II. LAW AND ANALYSIS
The Fourth Amendment generally requires law enforcement officers to obtain a warrant before making an arrest or searching locations where an individual has a reasonable expectation of privacy. Giordenello v. United States, 357 U.S. 480, 485 (1958); see also Carpenter v. United States, 138 S.Ct. 2206, 2213 (2018). “[A]n arrest warrant shall be issued only upon a written and sworn complaint (1) setting forth the essential facts constituting the offense charged, and (2) showing that there is probable cause to believe that such an offense has been committed and that the defendant committed it.” Giordenello at 485 (internal quotation marks omitted). The standard for finding probable cause is the “totality of the circumstances,” where the magistrate judge issuing the warrant is tasked with making a practical and common-sense decision as to whether all circumstances in the complaint and the affidavit provide for a fair probability that the charges are sufficiently supported, and [regarding search warrants] that evidence of a crime will be found in a particular place. United States v. Fachini, 466 F.2d 53, 56 (6th Cir. 1972); Illinois v. Gates, 462 U.S. 213, 238 (1983).

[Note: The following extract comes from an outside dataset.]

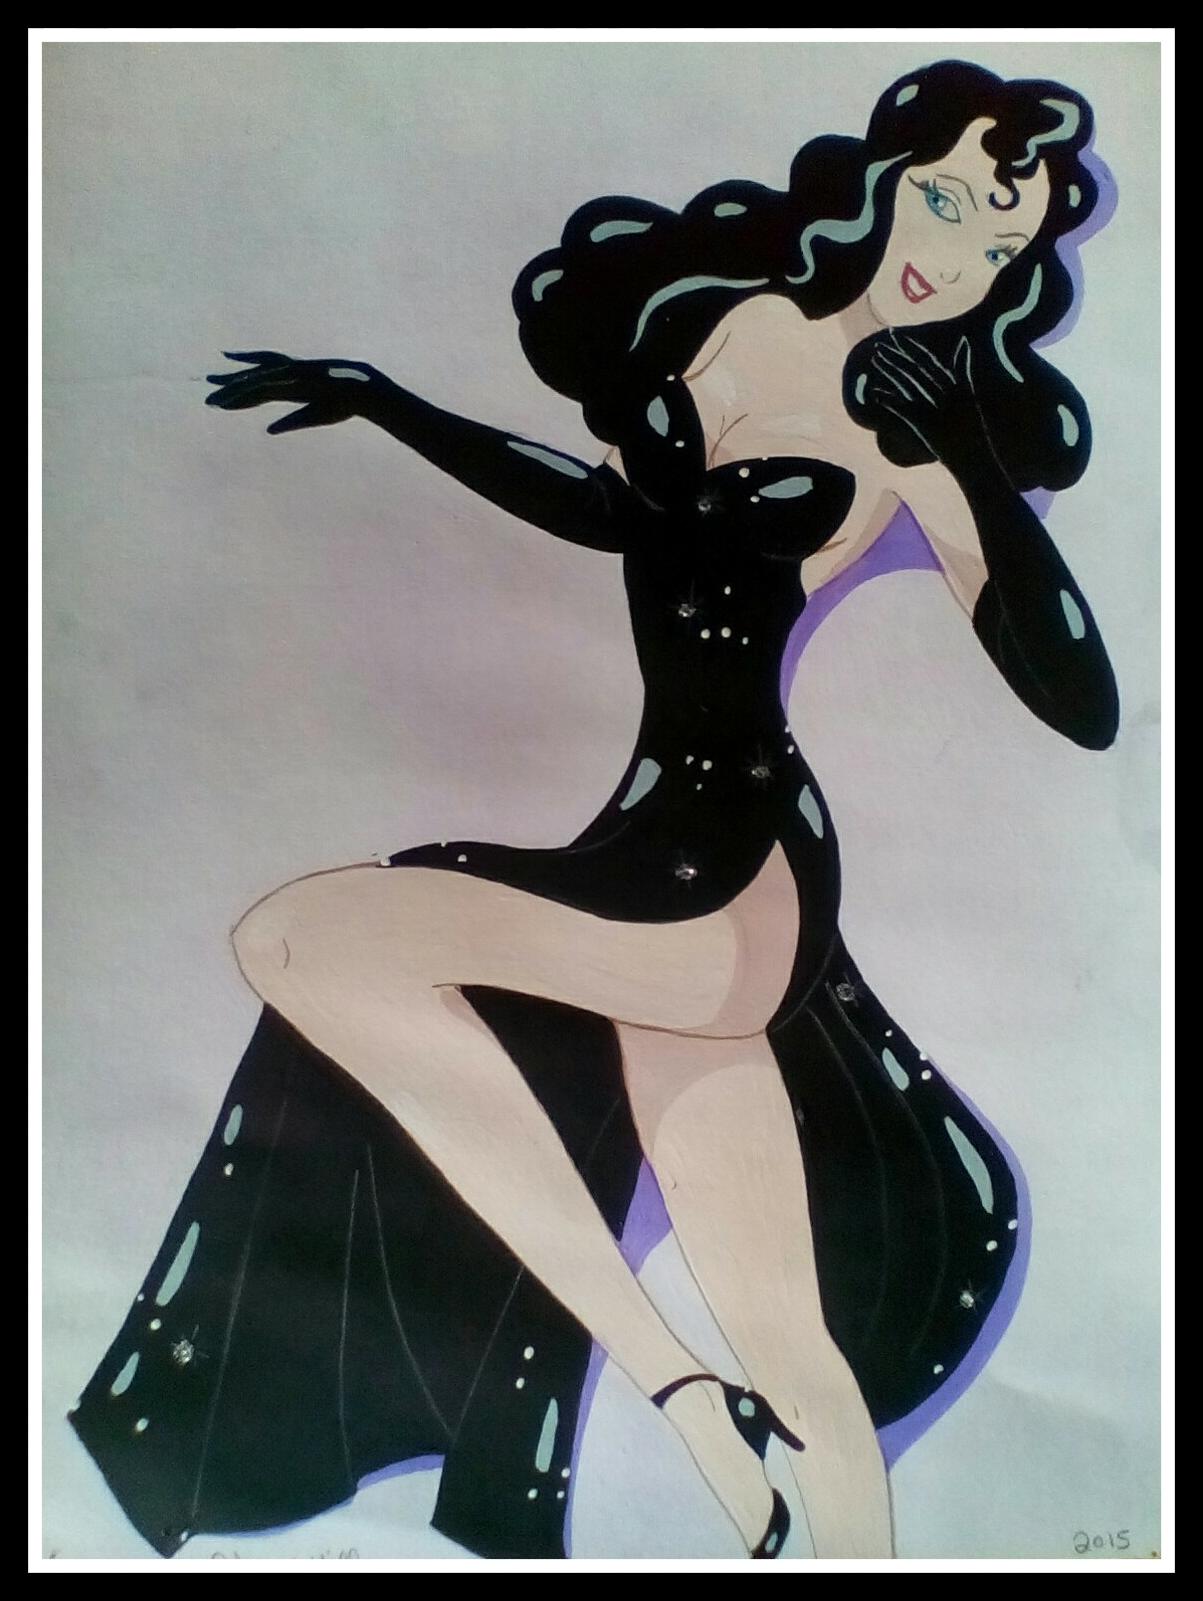 Femme Fatale by FoxyFlapper
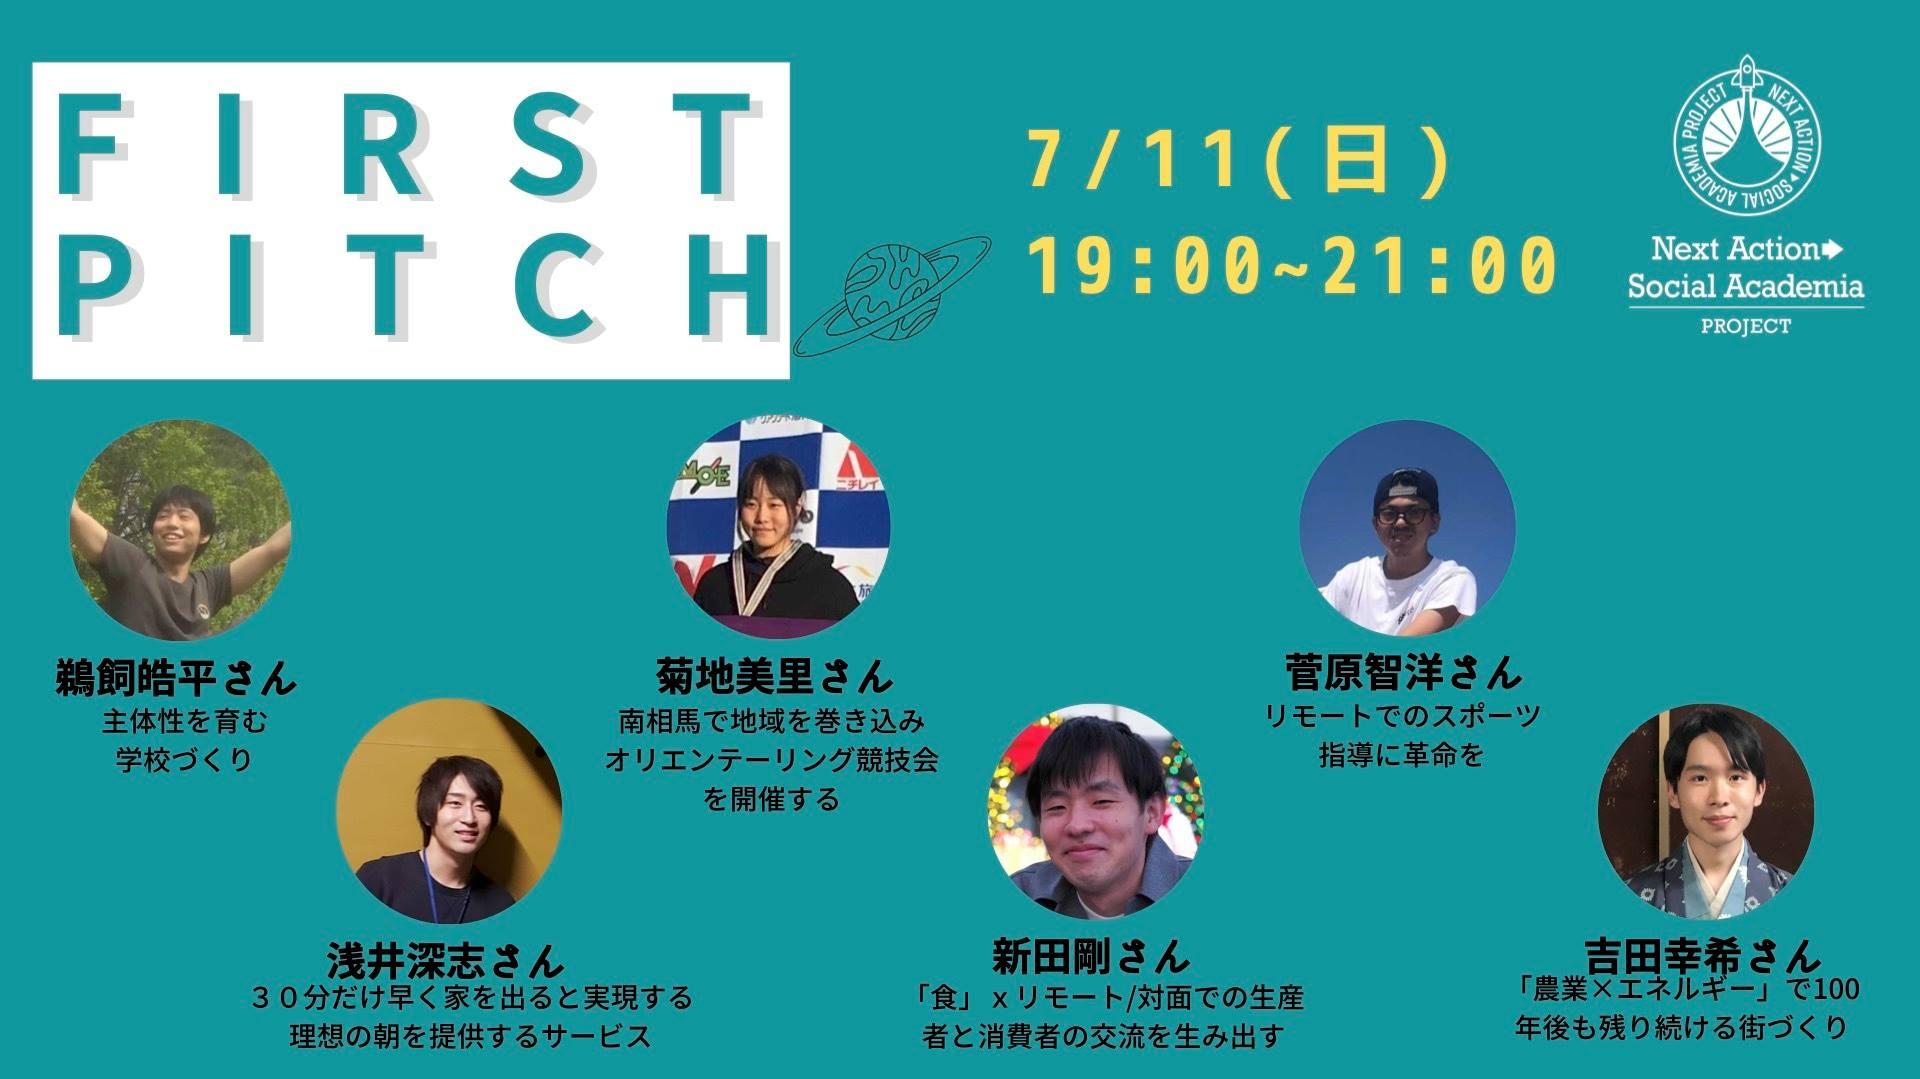 7月11(日)福島県南相馬市 Next Action→ Social Academia PROJECTでのBeyondミーティング 開催報告

Probable cause deals with probabilities, or considerations of everyday life on which reasonable and prudent men, not legal technicians, act. Gates at 241 (1983) (internal quotation marks omitted).
In a motion to suppress, the defendant bears the burden of establishing that the affidavit was insufficient to support the issuance of the warrant. United States v. Blakeney, 942 F.2d 1001, 1015 (6th Cir. 1991). 3 The duty of the reviewing court is to determine whether the magistrate judge had a substantial basis for finding that the affidavit established probable cause - a finding that is afforded “great deference” - after considering the evidence “in the light most favorable to the government.” United States v. Allen, No. 21-4029, 2023 U.S. App. LEXIS 243, at *9-10 (6th Cir. Jan. 4, 2023) (citations omitted).
A. Probable Cause
Rudra alleges that the credibility of the affidavit and, therefore, the finding of probable cause, are undermined because the alleged victim admitted to lying to Rudra about her age. Docs. 20, 25. He argues that the circumstances do not support the finding of probable cause and that the victim should be treated as an unreliable informant. Docs. 20, 25. Rudra relies mainly on United States v. Higgins, 557 F.3d 381 (6th Cir. 2009) and United States v. Brown, 828 F.3d 375 (6th Cir. 2016) which both analyze the reliability of confidential informants and police corroboration as to their knowledge of criminal activities and evidence. However, Rudra fails to cite any law supporting his allegation that the credibility of the alleged victim can, or should, be questioned by this Court. As such, he does not meet his burden of establishing that the affidavit was insufficient. See Blakeney, 942 F.2d at 1015.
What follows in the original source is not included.